**Task to carry out:**
Leaving out every picture, copy the lines of the material below exactly, from the line containing "Etna-Polistireninis-putplastis" through the line containing "Leather Single Big".

**Exercise data:**
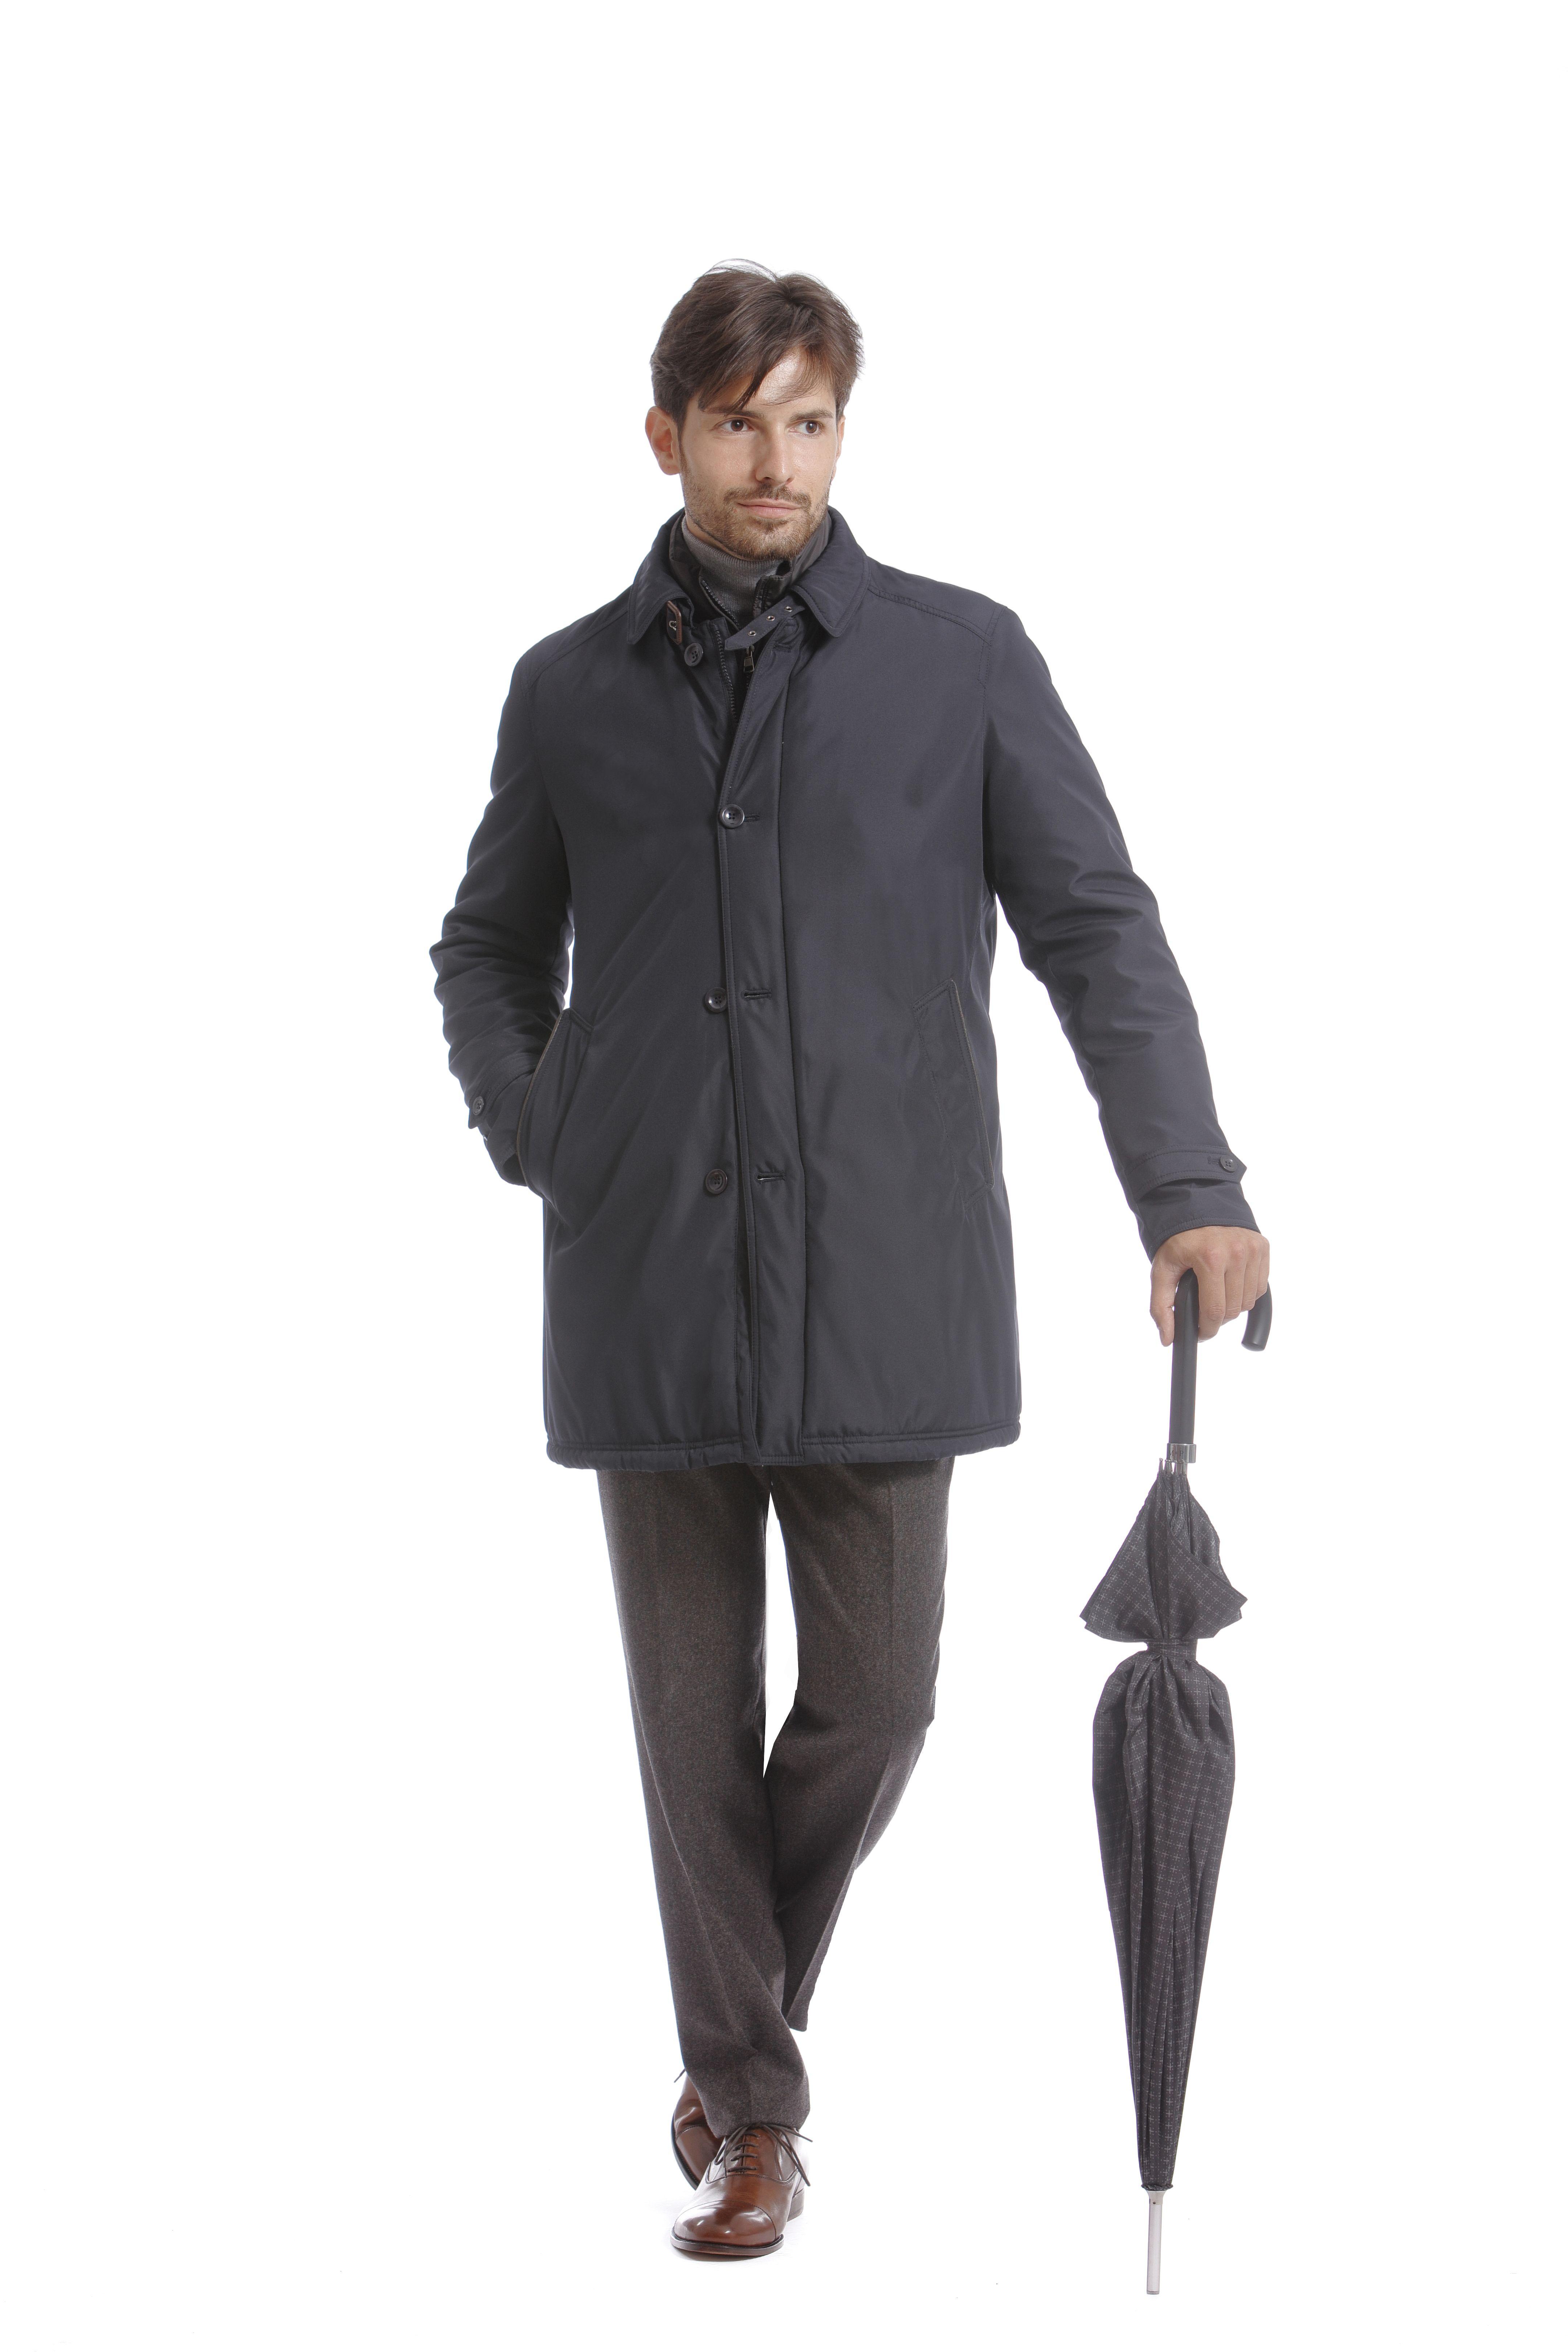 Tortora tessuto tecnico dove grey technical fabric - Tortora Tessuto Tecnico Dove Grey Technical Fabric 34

* * *

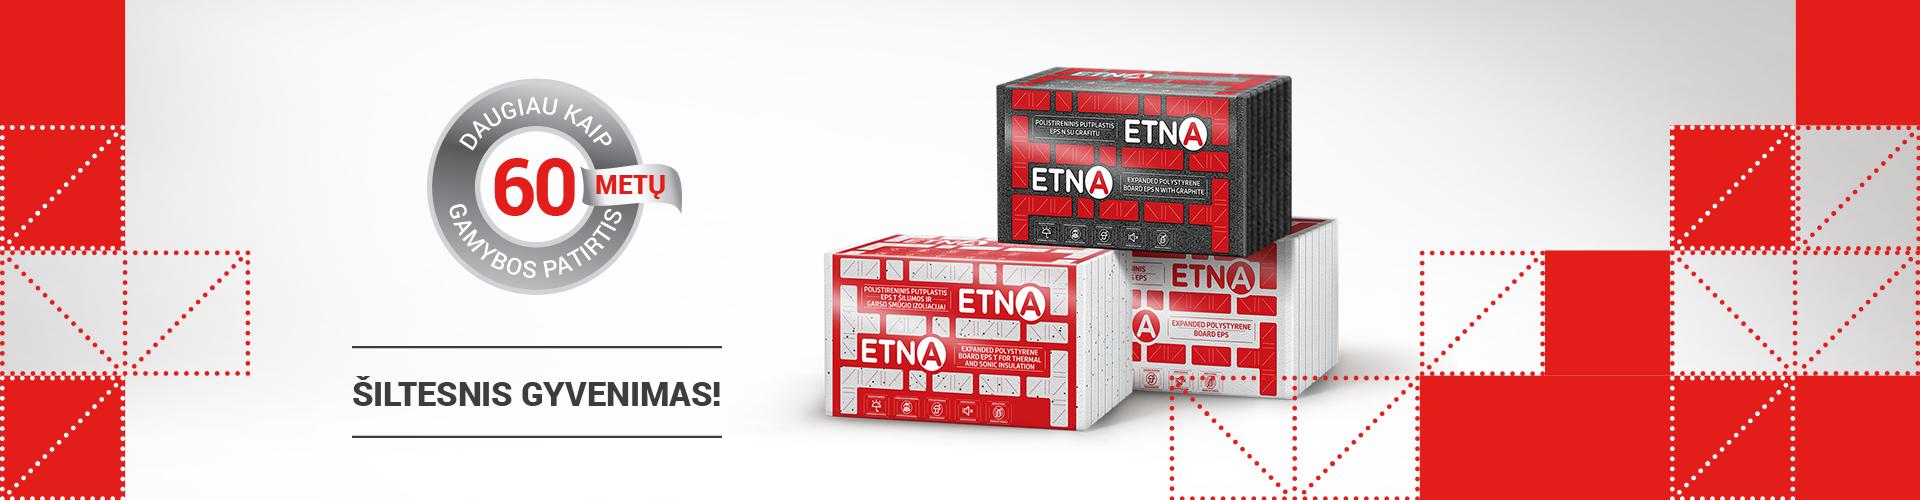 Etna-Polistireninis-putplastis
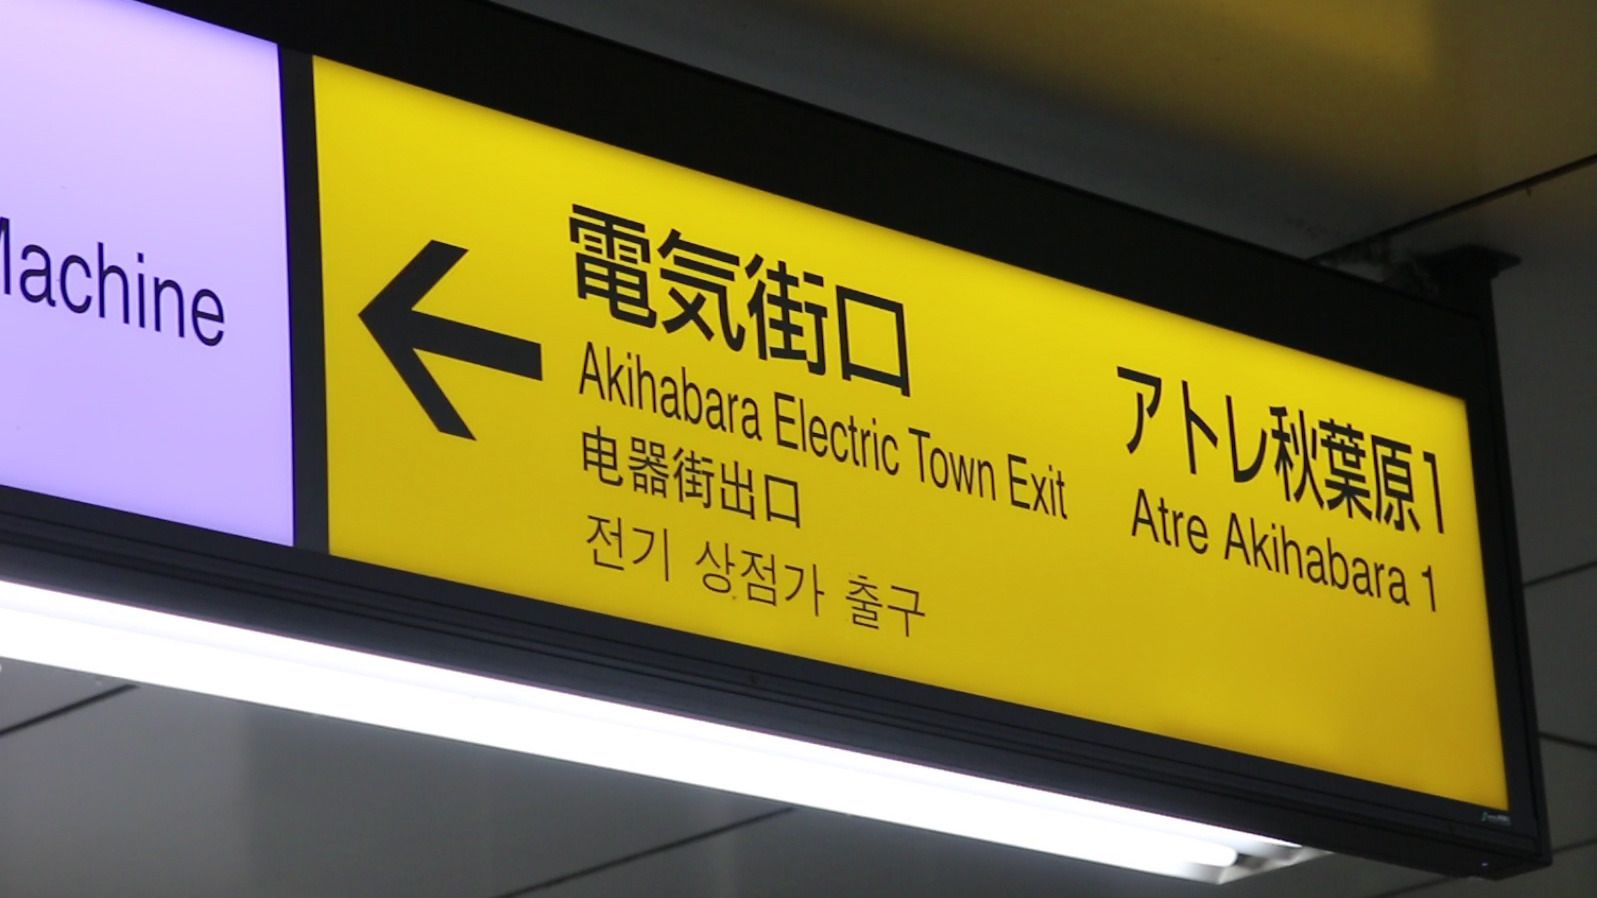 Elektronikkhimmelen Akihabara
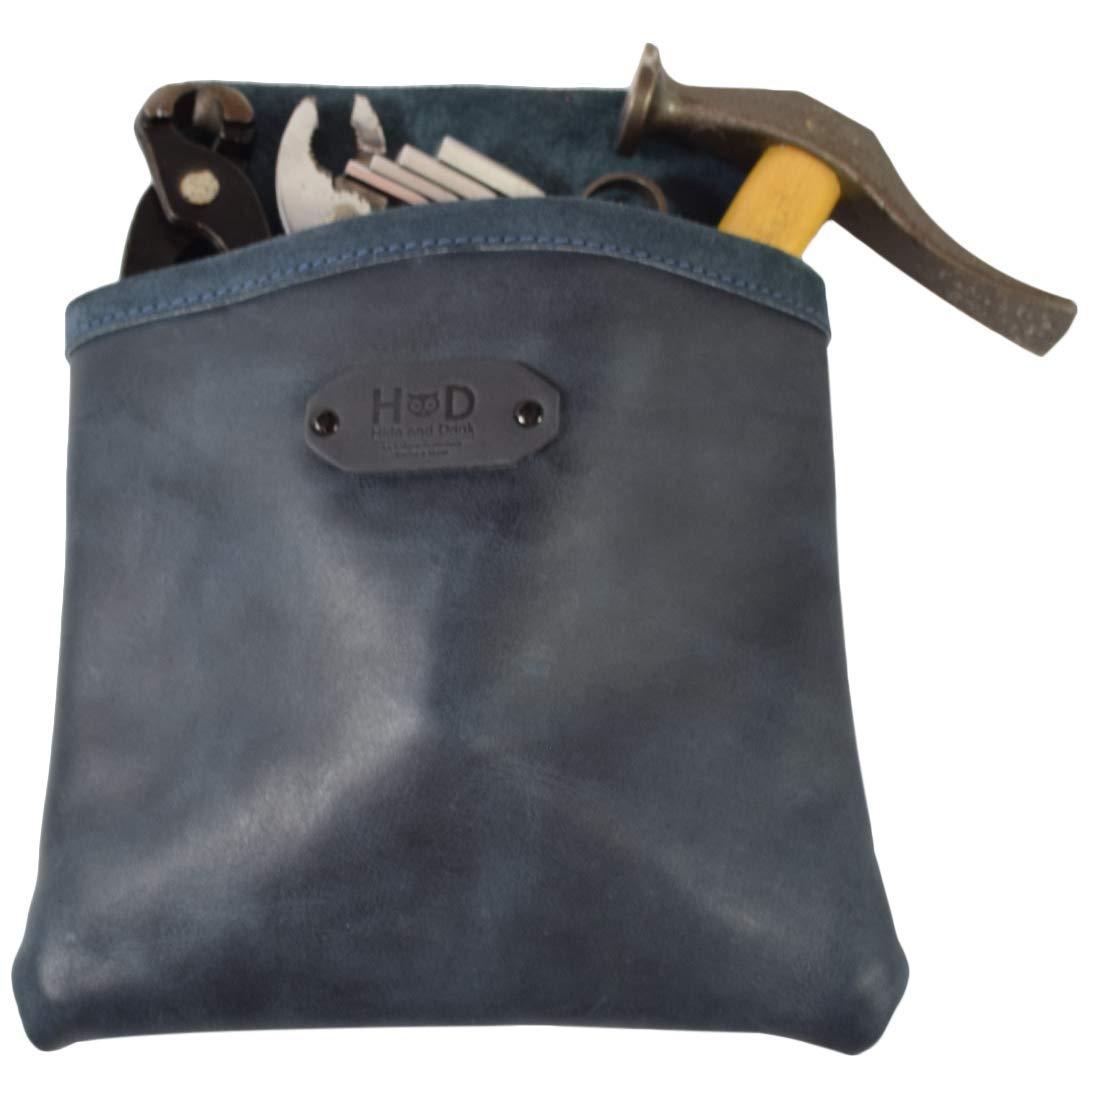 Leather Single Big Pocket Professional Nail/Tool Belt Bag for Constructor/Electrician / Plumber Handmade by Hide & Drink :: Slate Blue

* * *

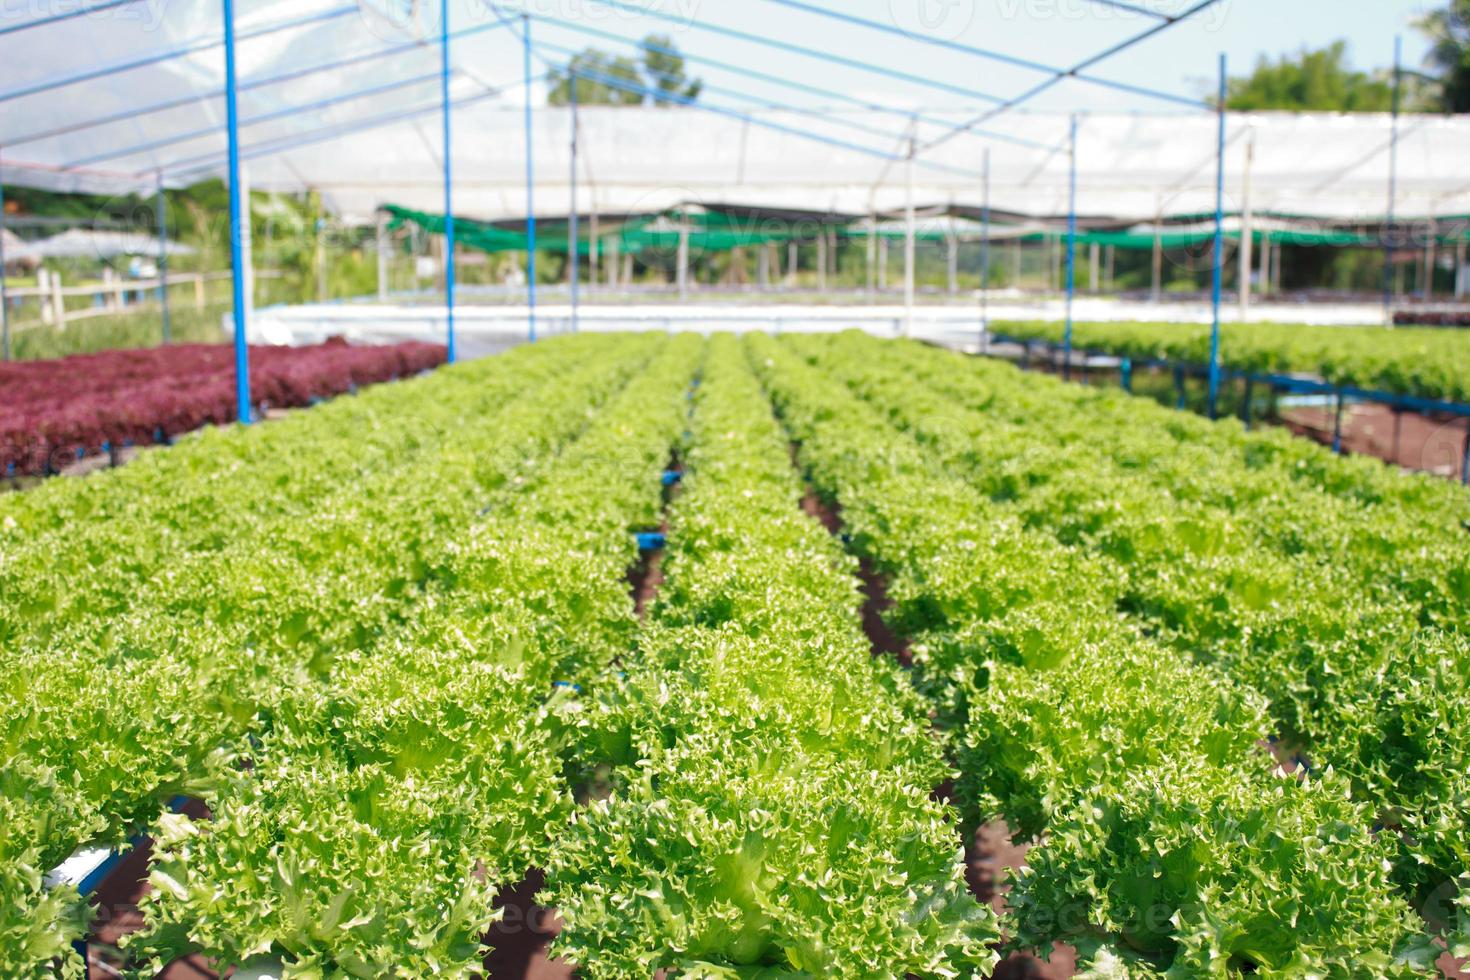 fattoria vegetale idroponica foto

**Result:**
 Etna-Polistireninis-putplastis
 Elektronikkhimmelen Akihabara
 Leather Single Big Pocket Professional Nail/Tool Belt Bag for Constructor/Electrician / Plumber Handmade by Hide & Drink :: Slate Blue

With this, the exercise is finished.